AutoML based methods
“AutoAugment: Learning Augmentation Policies from Data”, 2018 : A method of extracting an augmentation policy through an RNN controller, training the network to select validation accuracy, and then using it as a reward for reinforcement learning (PPO) to learn.
“Population Based Augmentation: Efficient Learning of Augmentation Policy Schedules”, 2019 : A method based on the Population Based Training (PBT) algorithm, one of the Hyper Parameter Optimization techniques.
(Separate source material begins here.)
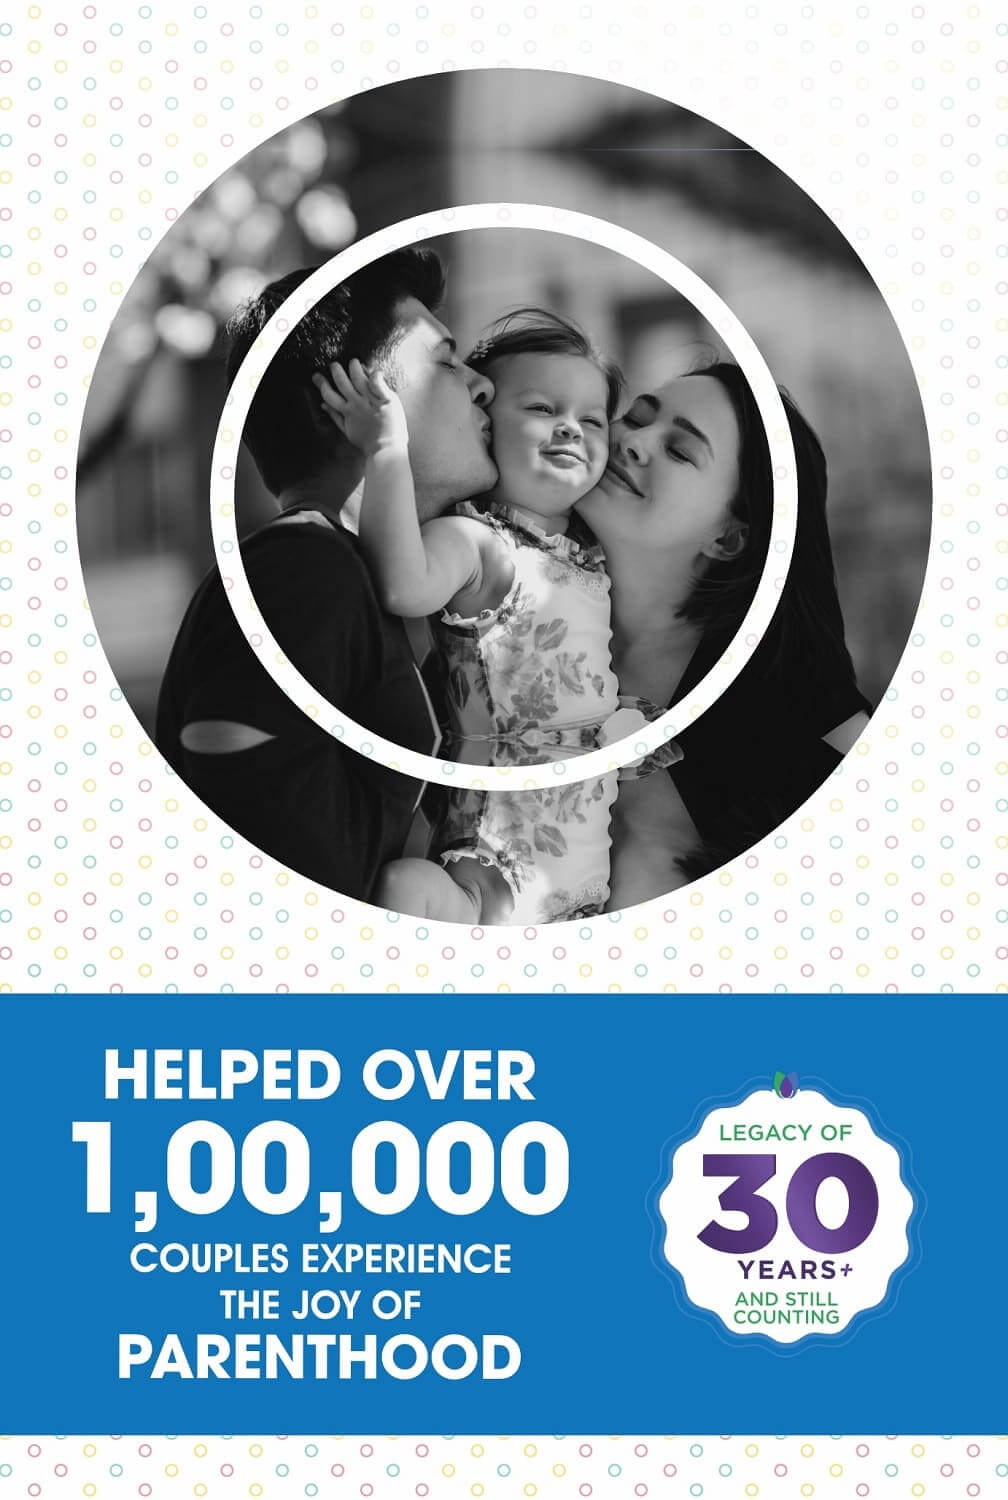 Milann helped over 100000 couples experience the joy of parenthood using IVF.

The weights of the model with good performance are replicated (exploited), and the parameters are slightly modified (explore).
“Fast AutoAugment”, 2019 : The search time can be drastically reduced by extracting the augmentation policy through the Tree-structured Parzen Estimator (TPE) method, a Bayesian optimization technique, and applying augmentation in the process of validating the trained model. It is faster than PBA and has similar accuracy. can be achieved.
“Faster AutoAugment: Learning Augmentation Strategies using Backpropagation”, 2019 : A method for faster search through gradient-based optimization while relaxing a discrete search space into a continuous search space through a gradient approximation technique that makes non-differentiable image operations differentiable.
“RandAugment: Practical automated data augmentation with a reduced search space”, 2019 : A technique of randomly extracting and applying augmentation options among several augmentation options every time a batch is extracted, omitting the search for an augmentation policy.
“UniformAugment: A Search-free Probabilistic Data Augmentation Approach”, 2020 : Starting from the point where hyperparameter search is required in RandAugment, augmentation is randomly applied probabilistically without any search at all.